11 Dystros

Aristes:

I am in doubt. The god is not with me.

We are at Ephesos, overlooking the town, and Parmenion has taken Xanion and gone to parley for their surrender. He has closeted himself with my cousin for many long hours since we have camped, and I know that he will come to me when he is ready. When no one comes, I know there is insurrection; and must remain calm. I had removed Xanion from his post, for the duration, and my decision was well founded then; but in the passing of the fever, I feel all have questioned me, and grow greatly uneasy. I await Parmenion, and I exchange meaningful and large looks with Apollion. No one speaks to Apollion either. The quietude is alarming; and I fear once again for my life.

What cause have I to fear? The regicide is executed, and the traitor at large is exiled. Why, then, do I feel the claws of unreason in my neck? Why does it seem that today I am no king, but a brash and violent boy, misled and ill-counseled, who has been placed in error at the head of this great assembly, who merely plays at king, and the gestures he makes toward these insolent officers are universally ignored? I grow not merely weary but afraid; I who most times feel no fear. And I fear the shadow of Parmenion on the door of my tent; for the news he will bring will be of no good import. I try to sleep and cannot, I shun the faces of those who look to me for divine confidence, for the god has fled me yet again. I am bereft.

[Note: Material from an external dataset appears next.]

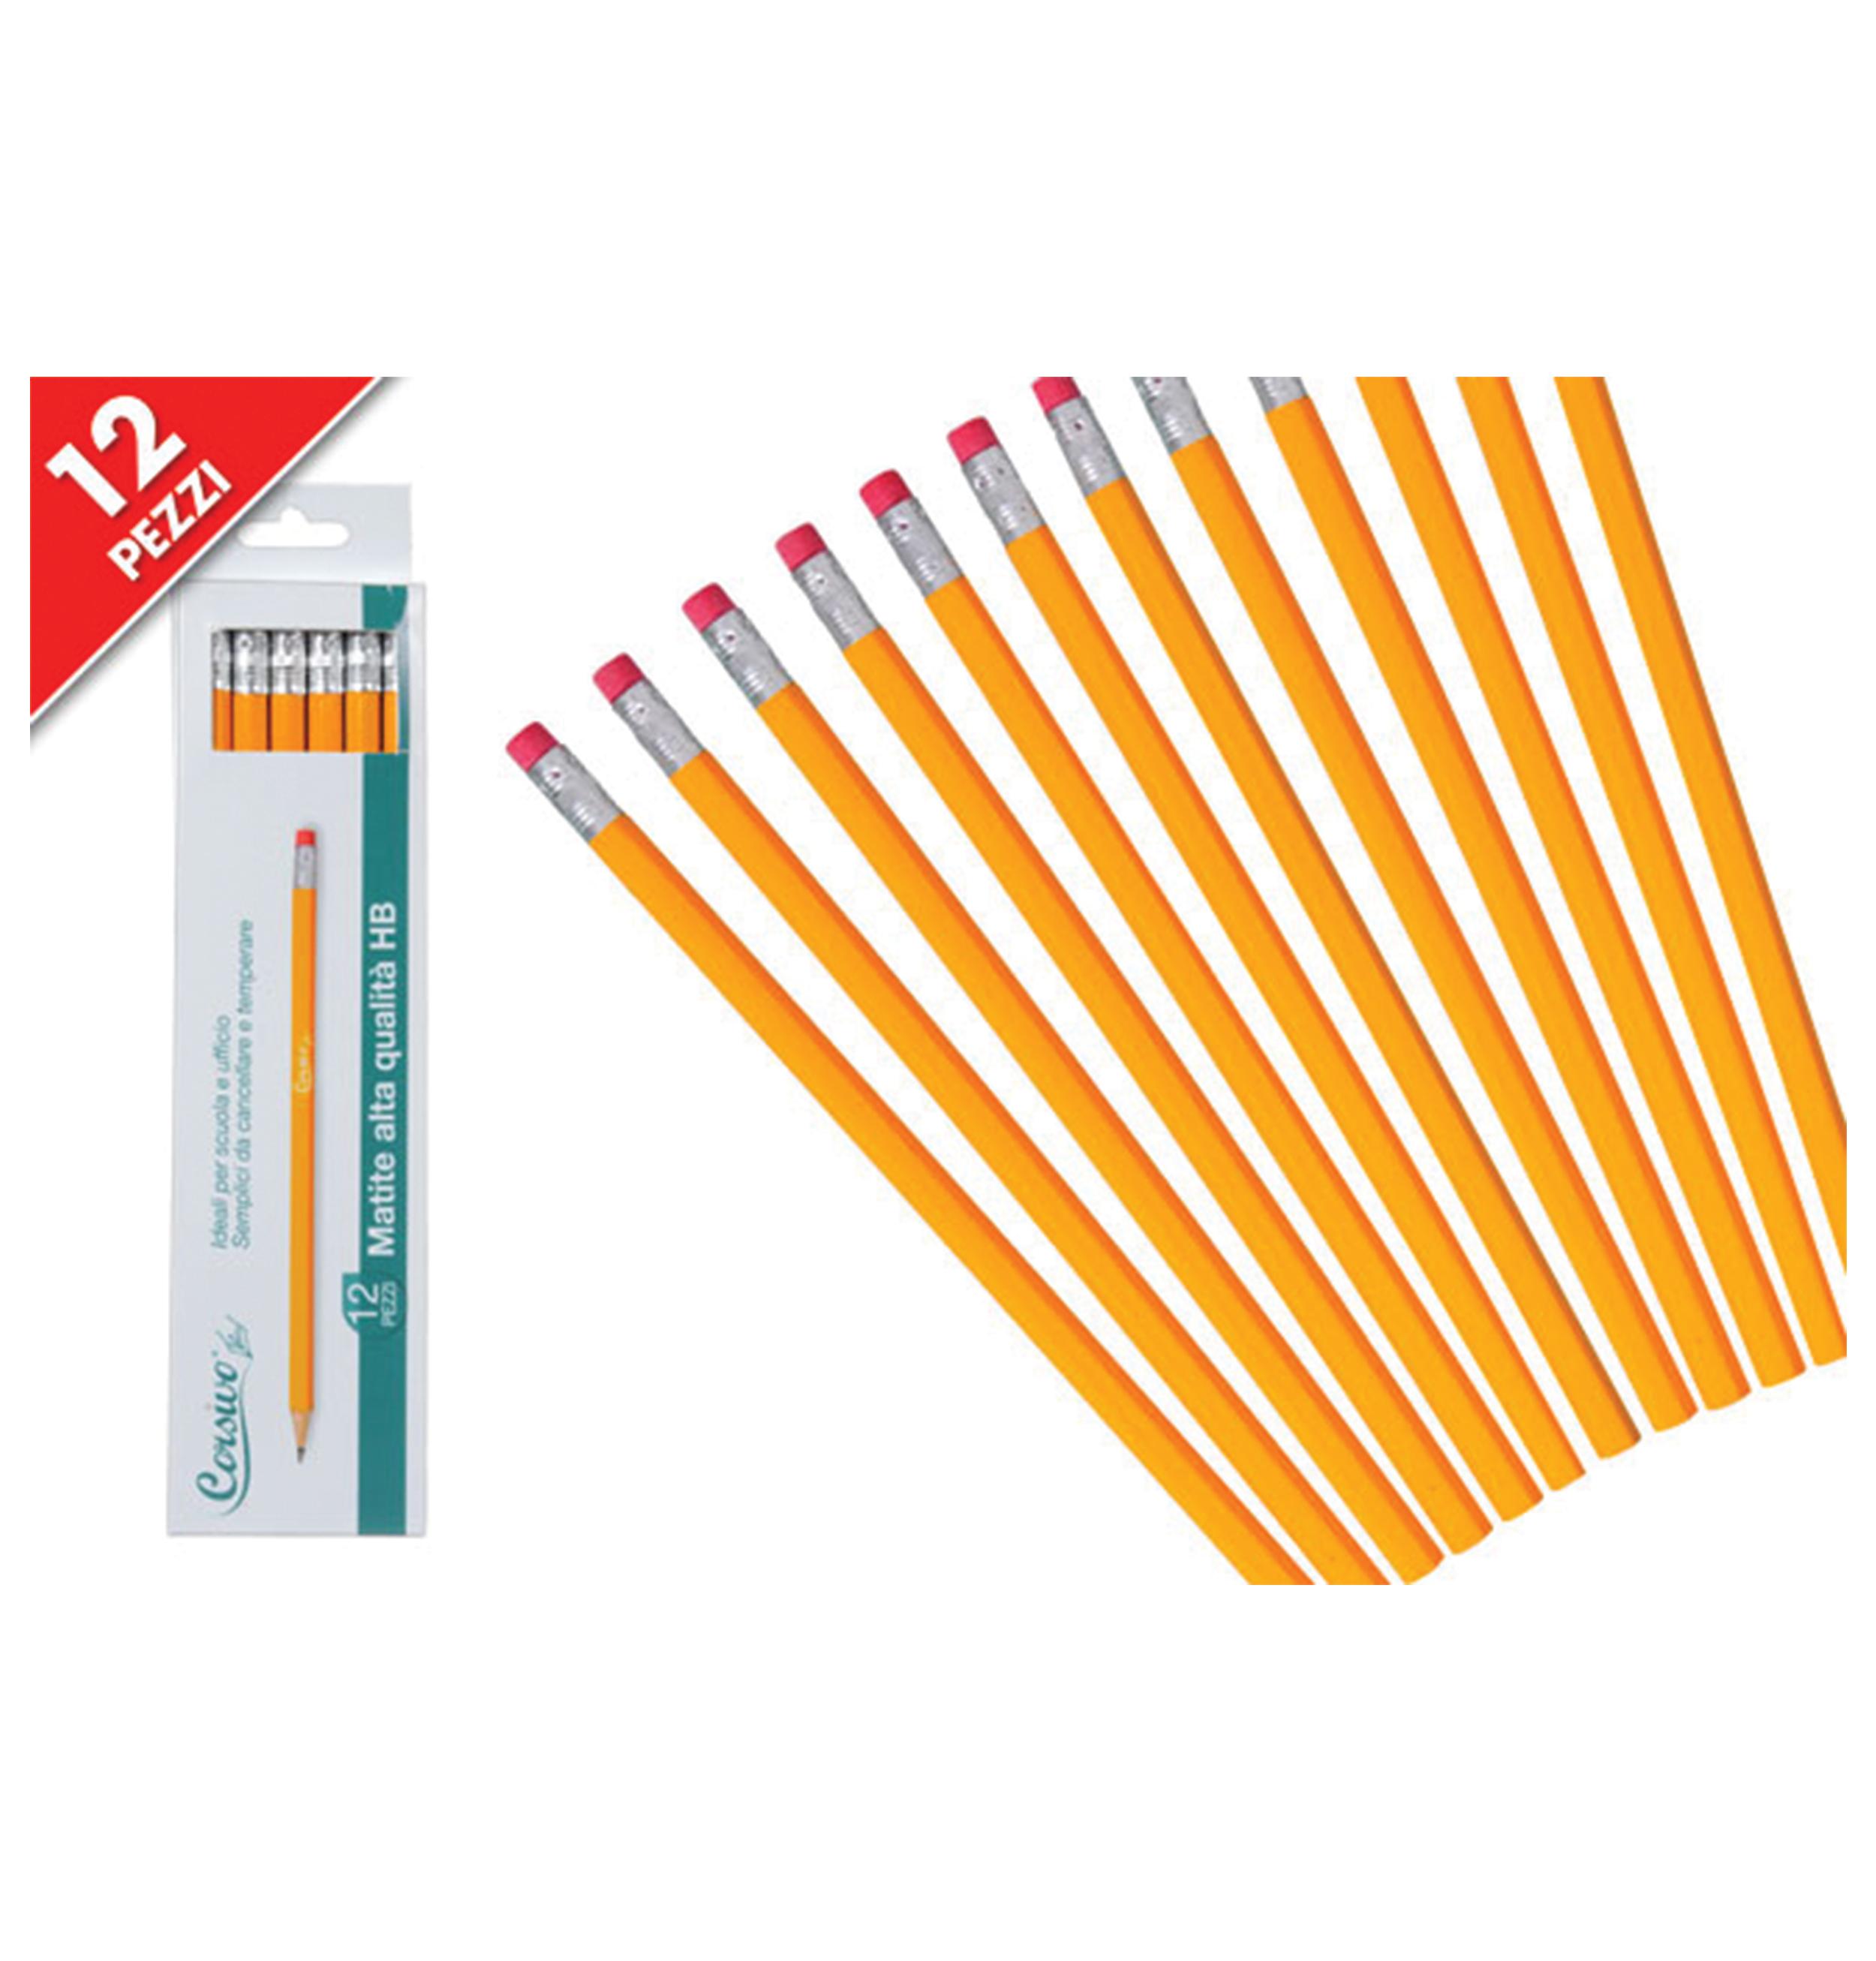 Σετ 12 μολύβια HB

The Companions return from the town; and their faces are set: Ephesos is defiant. Siege, then, I know their signal. Siege it is. This more than anything tells me that Darius's hosts are nearer and these have knowledge of how near. The towns would not resist if they did not think themselves capable of withstanding siege. I find myself enraged, and bloodthirsty at their defiance. Glad at their defiance, for now I have a reason to kill - - would they but give me reason. And their satrap will be in my hands before their starving people capitulate: crushed. I can feel his blood running on my hands; and hate as well this blood desire in me. But this, this is what I am; and I enjoy death at these times, the death that only I with the god behind me, as the wind, pushing, can bring to those who defy it. To those who defy me.

I wonder too, how I can be at one and the same time, so fearful and so arrogant? And if the god were to flee me entire, would I not be in the hands of my enemy, and subject to their utter lack of mercy, as they are to me now? Why does this not deter me from my position, and show a more compassionate side? And ultimately, I ask myself: what right have I to lay siege to Anatolia - it is not my land!

No, it is not my land, but it has been granted me entire, by the god. These cities have surrendered, without fight: Adramyttium, Sardis (the prize), Miletus, Magnesia, Troy, and even now Alexandria Troas rises as Alexandropolis in Thraxcia has risen, and Makedon now spans the nations of the Hellespont! Is that a dream? Is that not true? Has not Bel Marduk favored me, and Zeus, and Ares too? Was I not spared the certain death that falls to those who are poisoned with ergot? For it spares none; and this is known. It spared me; because of that divinity in me. I know as I equivocate thus in my own counsel, I am uncertain, and thinking further will not succor me.

Parmenion at length returns to me: I take audience with him alone. Rather than the aspect of grimness and ill portents, he wears a mischievous smile; and I am immediately curious. "I see you have girls attend you now."

"I asked Paulos to find another more pleasing shape to handle me in my recovery from poison," I acknowledged.

"And how well do they handle you?" his voice held a deep amusement.

"I am pleased with my decision," I spake.

"This is what I come to you about now, Basileus. There are those I wish you to see. I have been speaking with Apollion - and yes, Xanion as well, he knows you best of your cousins who still live… and do not be angry, Alexi, for I am older than your father. It is known that you seek a wife, and that you also seek to take a concubine for pleasure; some new sex of concubine."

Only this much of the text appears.